The process has delivered a lot for republicans, but in many ways it is still in its early stages. The IRA's guns have largely, but not completely, fallen silent: there are still occasional killings of which it is suspected, and its "punishment" attacks go on.

Even the optimists had thought the most they could hope for was a small element of decommissioning in a year or two, because of the political uncertainties which abound.

Since a government has yet to be formed no one is sure how its members will work together; a report on policing reform is being worked on but has yet to be published; and there is still a lot of loyalist violence out there.
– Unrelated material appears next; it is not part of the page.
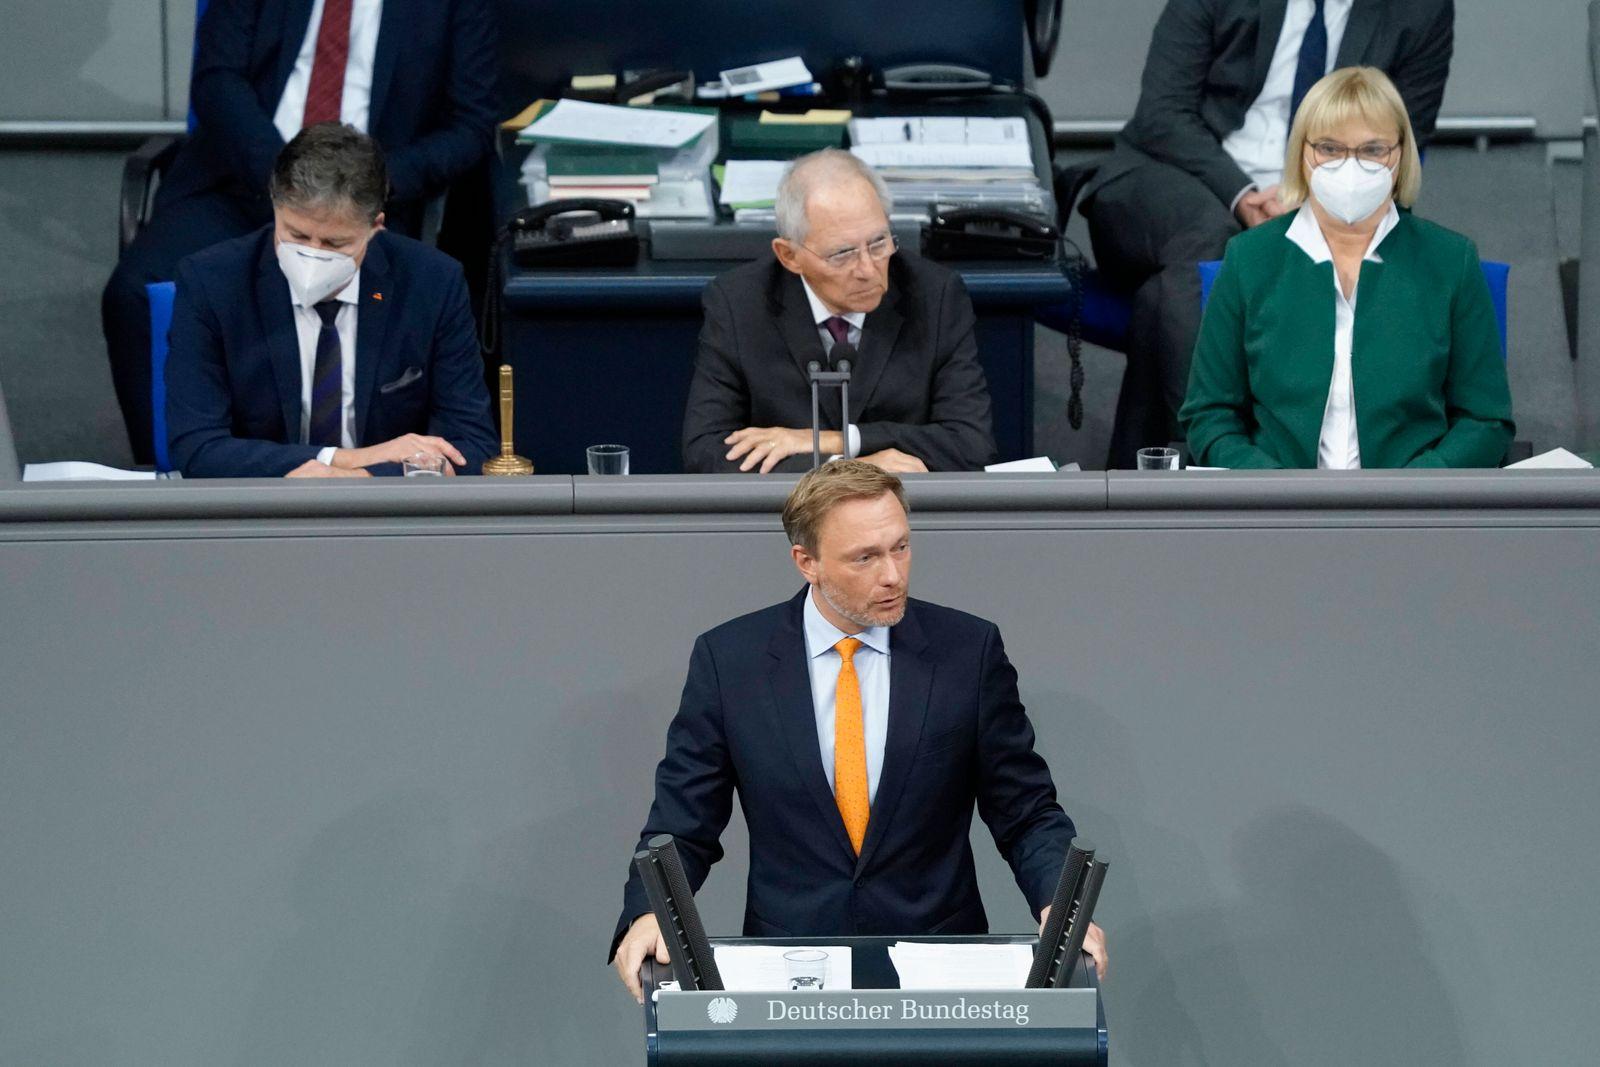 Deutscher Bundestag 195. Sitzung Plenum und Debatte Aktuell, 26.11.2020, Berlin, Christian Lindner (FDP) bei seiner Rede

One widespread assumption was that the IRA would watch and wait to see how all this panned out; another was that even if things went well any decommissioning would probably come as a token, offered up slowly and grudgingly.

Few if any expected the proposition now put forward: Gerry Adams has repeatedly spoken of taking all the guns out of Irish politics but most thought this was a pretty meaningless mantra.

In the short term the move has wrong-footed unionist politicians and left them gasping, and there is no guarantee that a deal will prove immediately possible with this offer as its centrepiece. But this offer will have a profound and transforming effect since the idea of complete disarmament, once raised, will never disappear.

It will work away through the political psychology of every side, as a Holy Grail which has suddenly ceased to be mythical and become an achievable objective.

London and Dublin clearly believe they can bring in enough safeguards to ensure that republicans keep to their word and give it all up: all the Semtex, all the rifles, all the revolvers and the rockets.

Unionism is going to take a lot more convincing before it summons up the nerve to jump together with the republicans.

But this is an idea whose time has come, and it offers such a priceless prize that eventually it will work. At the beginning of this decade the emergence of the word peace as a possibility changed the whole course of politics. The word disarmament carries so much power that it too is sooner or later bound to prevail.